##### Raw data #####
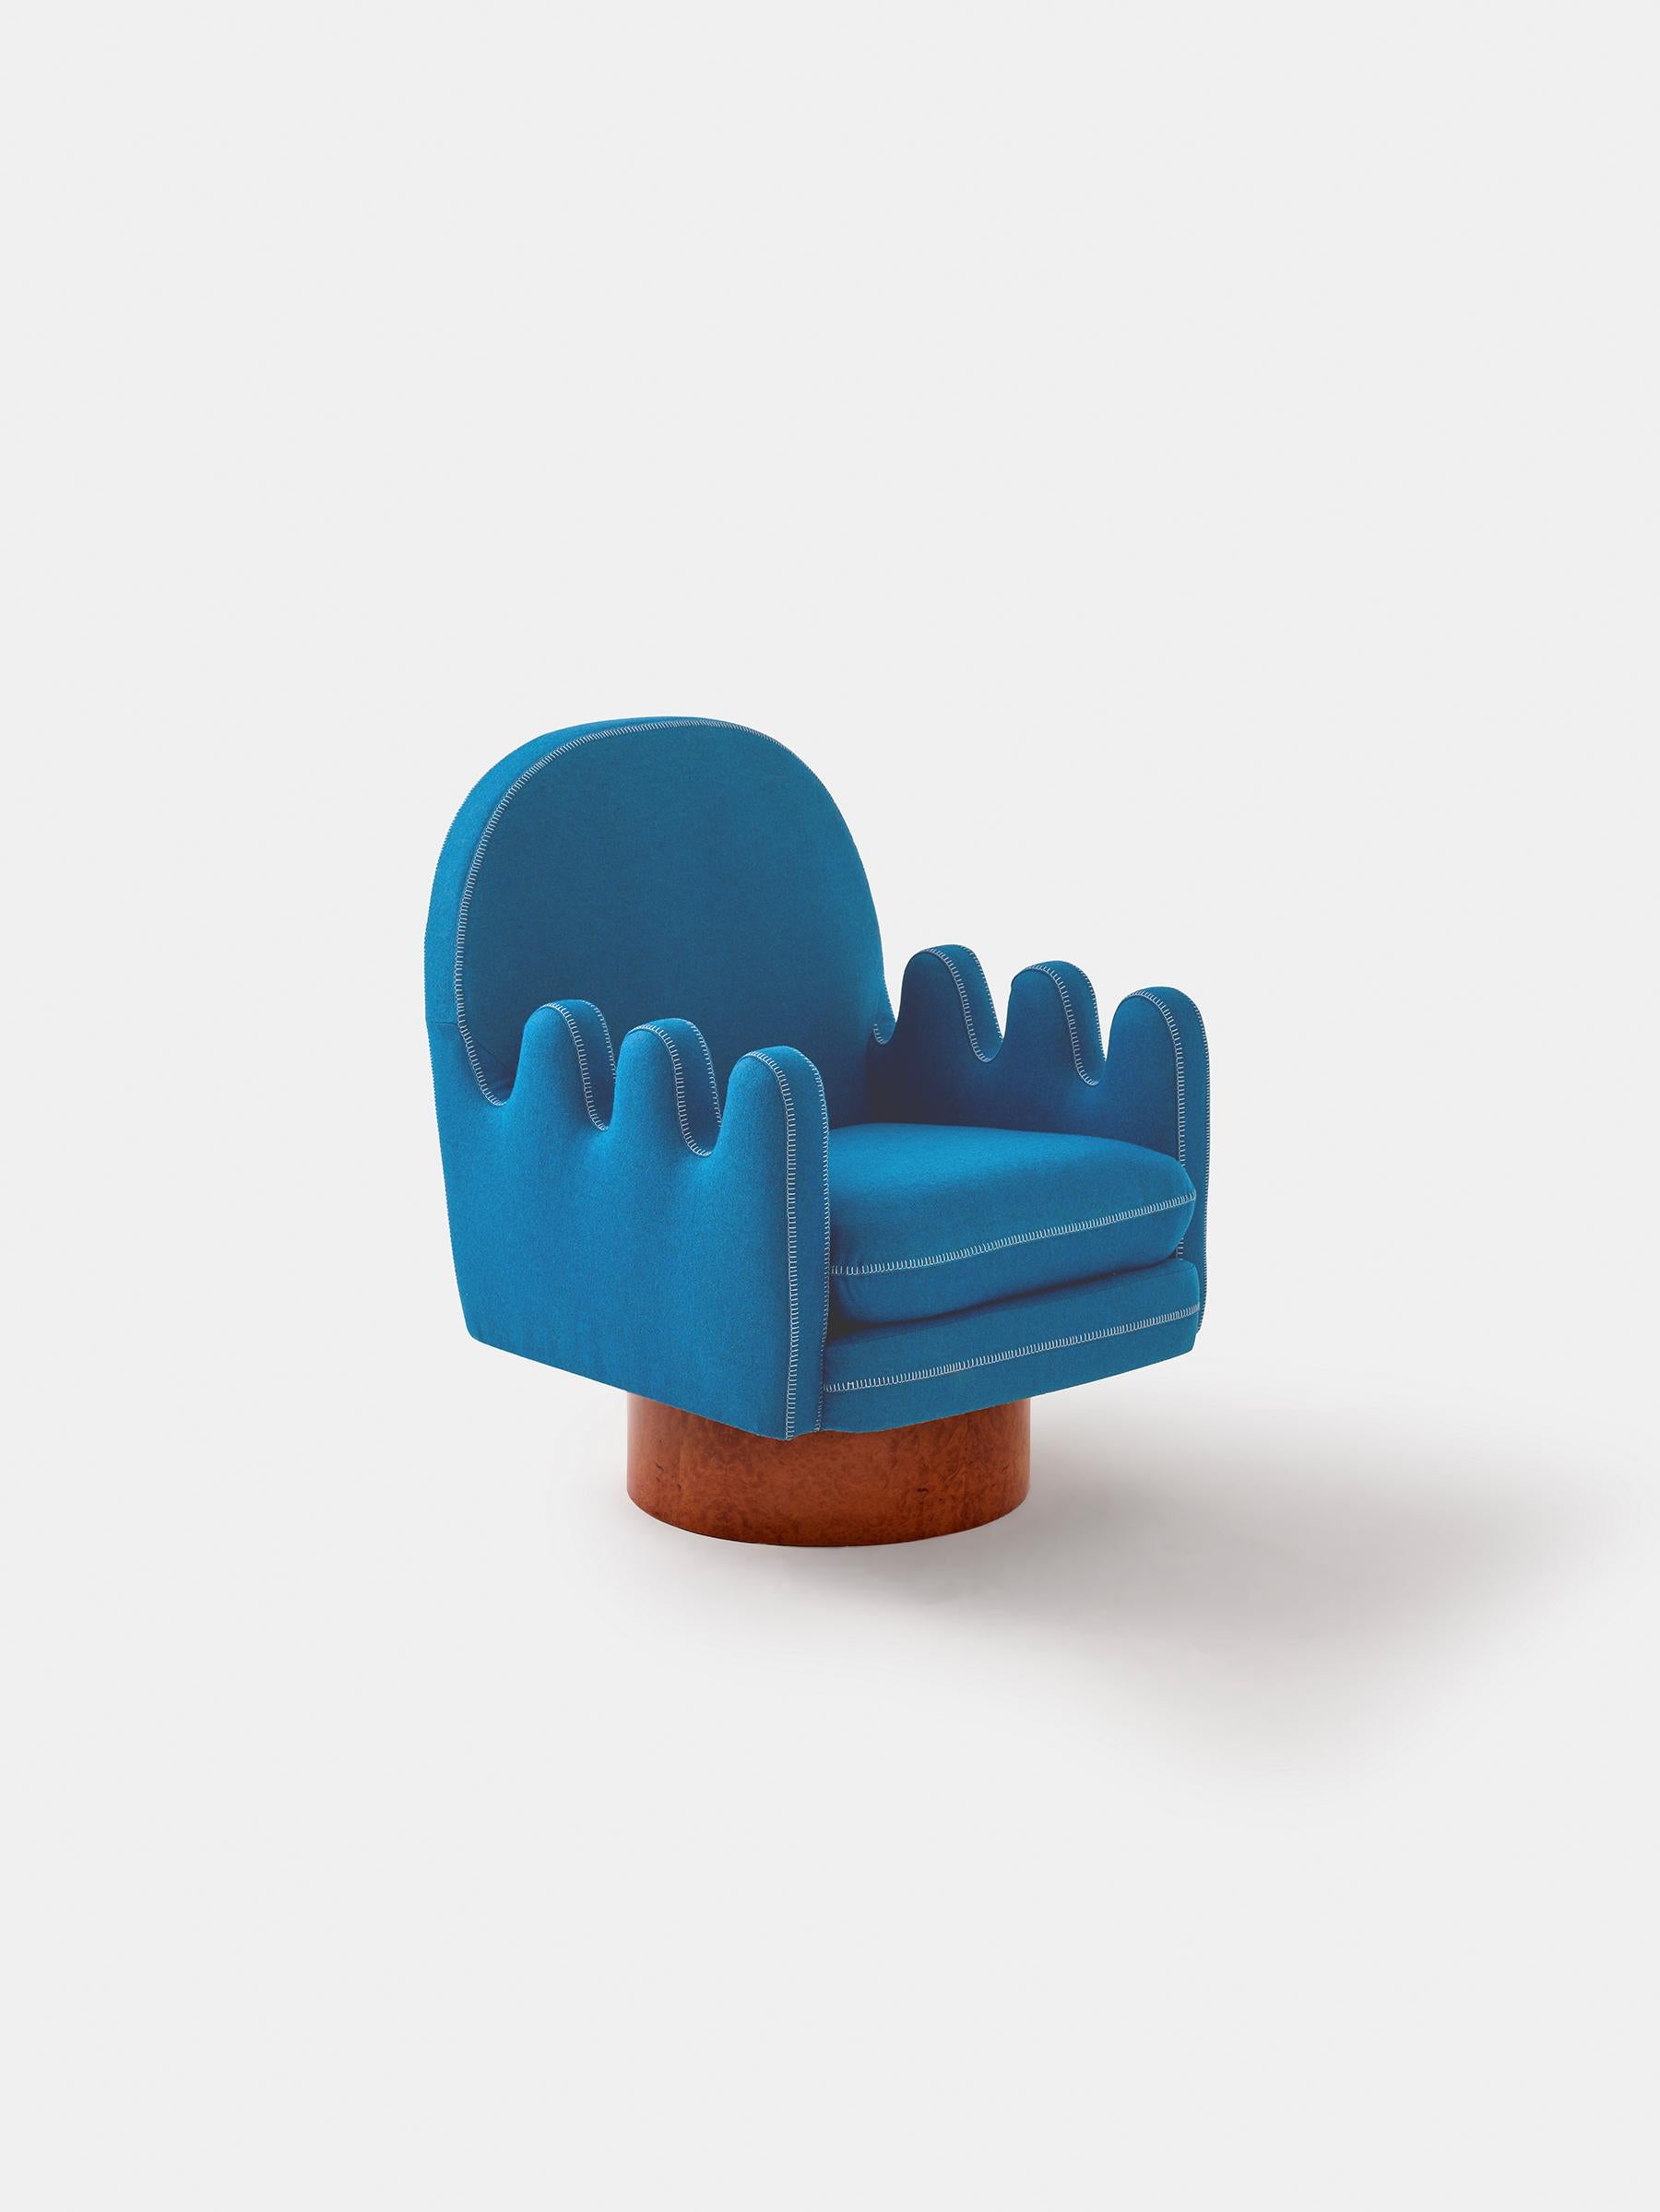 SEMO ist der perfekte Sessel für den ultimativen Seitensitzer und für alle, die sich gerne drehen. Die dicken Fingerarme sind großartig, um die Beine zu platzieren, während man sich nach links und rechts dreht. Semo ähnelt einem weichen
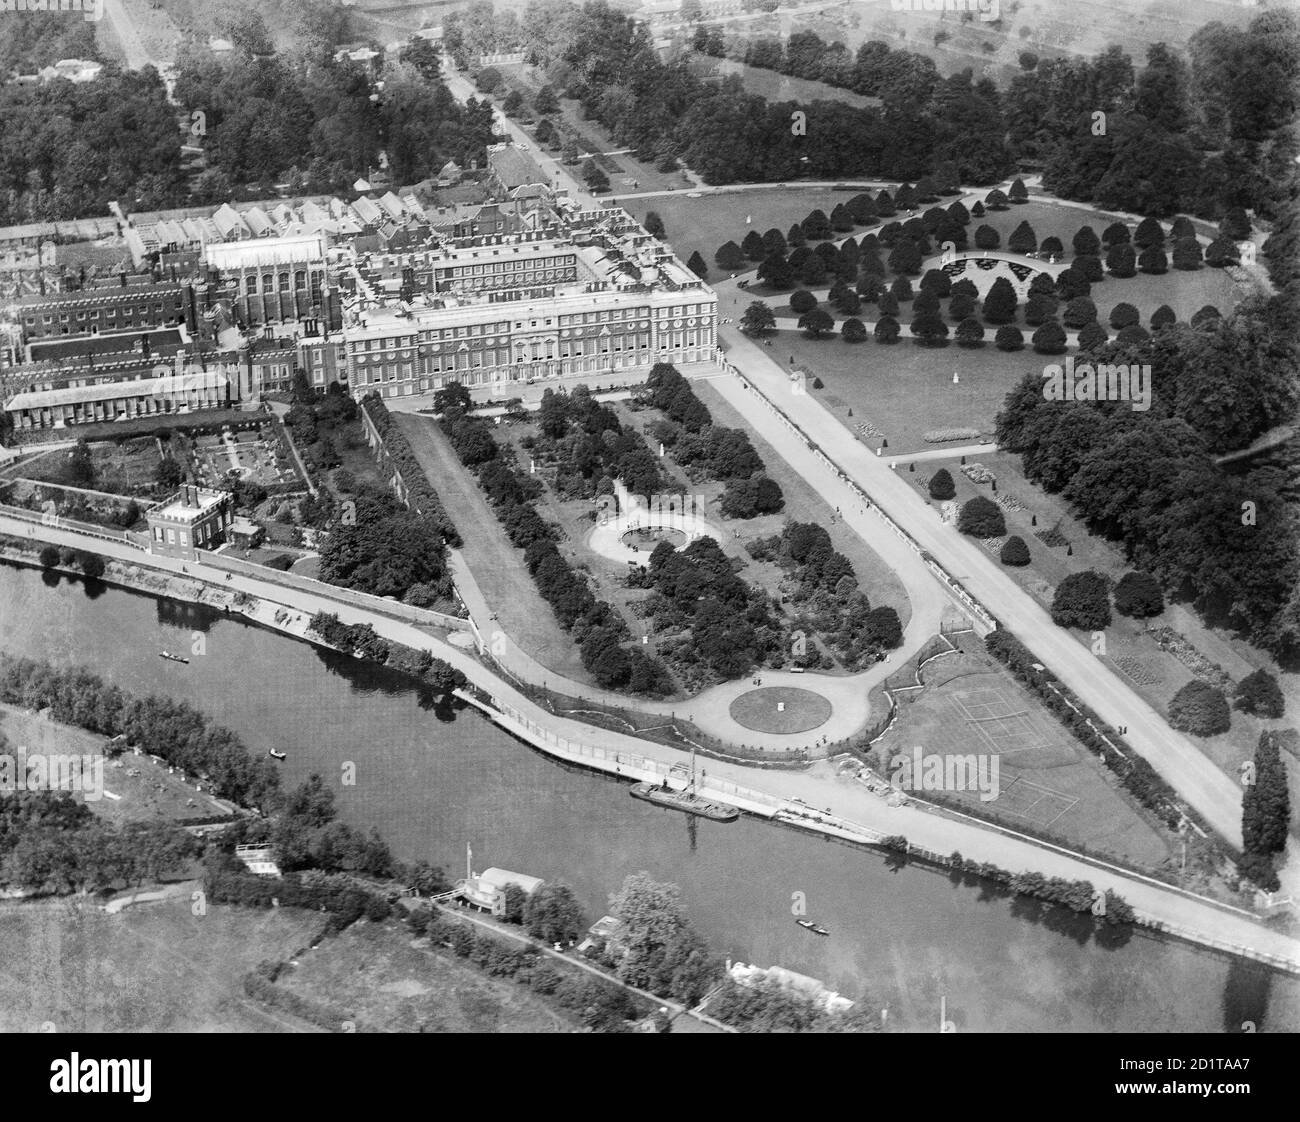 HAMPTON COURT, Richmond-upon-Thames, Londres. Vista aérea del Palacio de Hampton Court, los jardines y el río Támesis. Fotografiado en 1920. Colección Aerofilms (ver Enlaces). Foto de stock
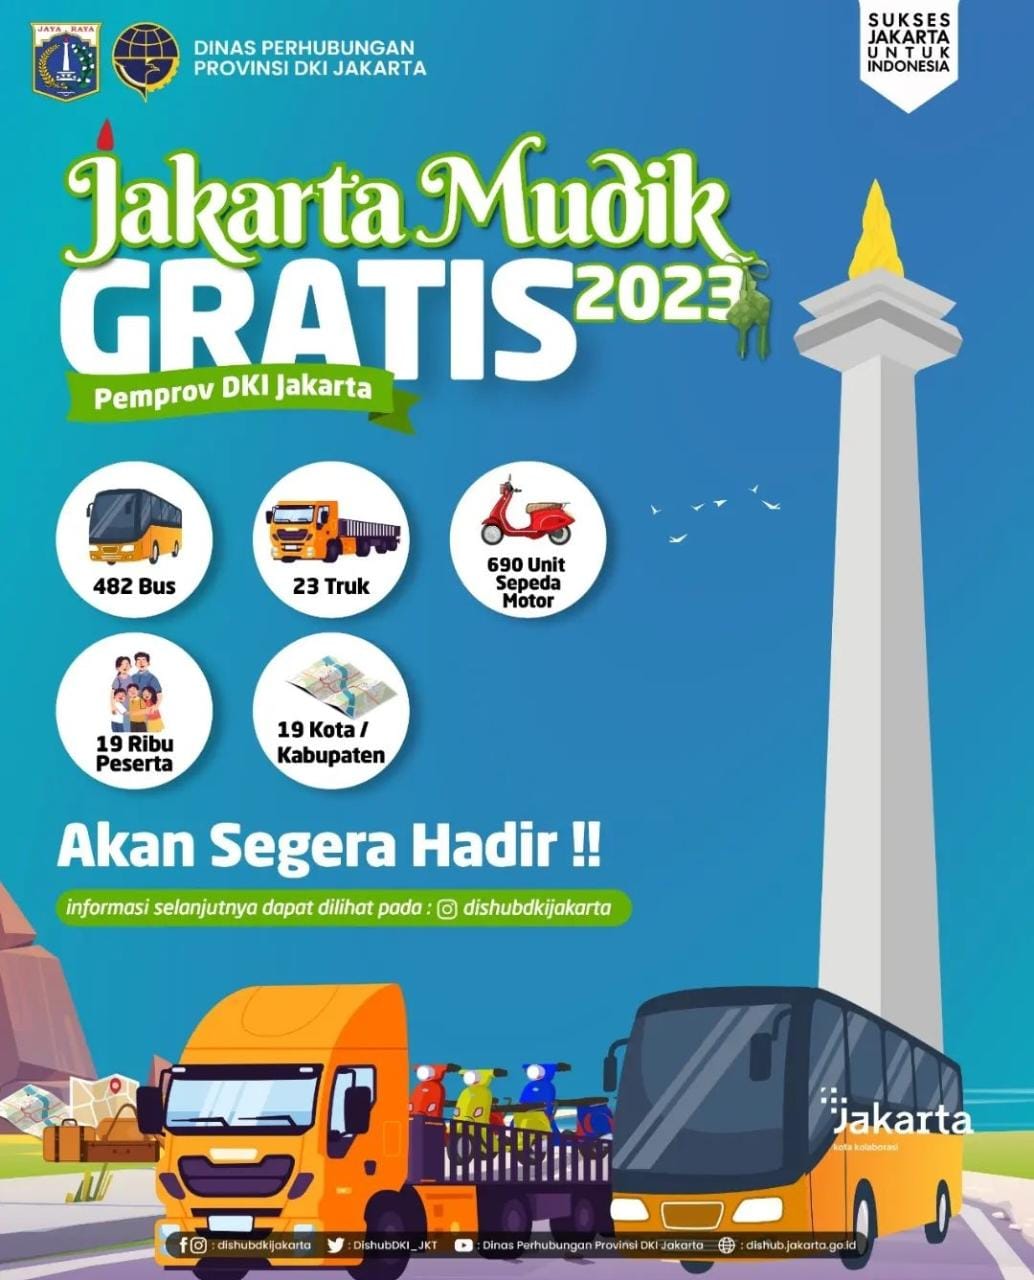 Segera Daftar! Mudik Gratis Pemprov DKI Jakarta 2023, Tersedia 19 Ribu Kuota Mudik Gratis ke 19 Kota Tujuan
#####
*Task brief*:
Print only the lines from the line that contains "HAMPTON COURT, Richmond-upon-Thames, Londres." to the final line of the data, inclusive. Pictures stay out.

*Answer*:
 HAMPTON COURT, Richmond-upon-Thames, Londres. Vista aérea del Palacio de Hampton Court, los jardines y el río Támesis. Fotografiado en 1920. Colección Aerofilms (ver Enlaces). Foto de stock
 Segera Daftar! Mudik Gratis Pemprov DKI Jakarta 2023, Tersedia 19 Ribu Kuota Mudik Gratis ke 19 Kota Tujuan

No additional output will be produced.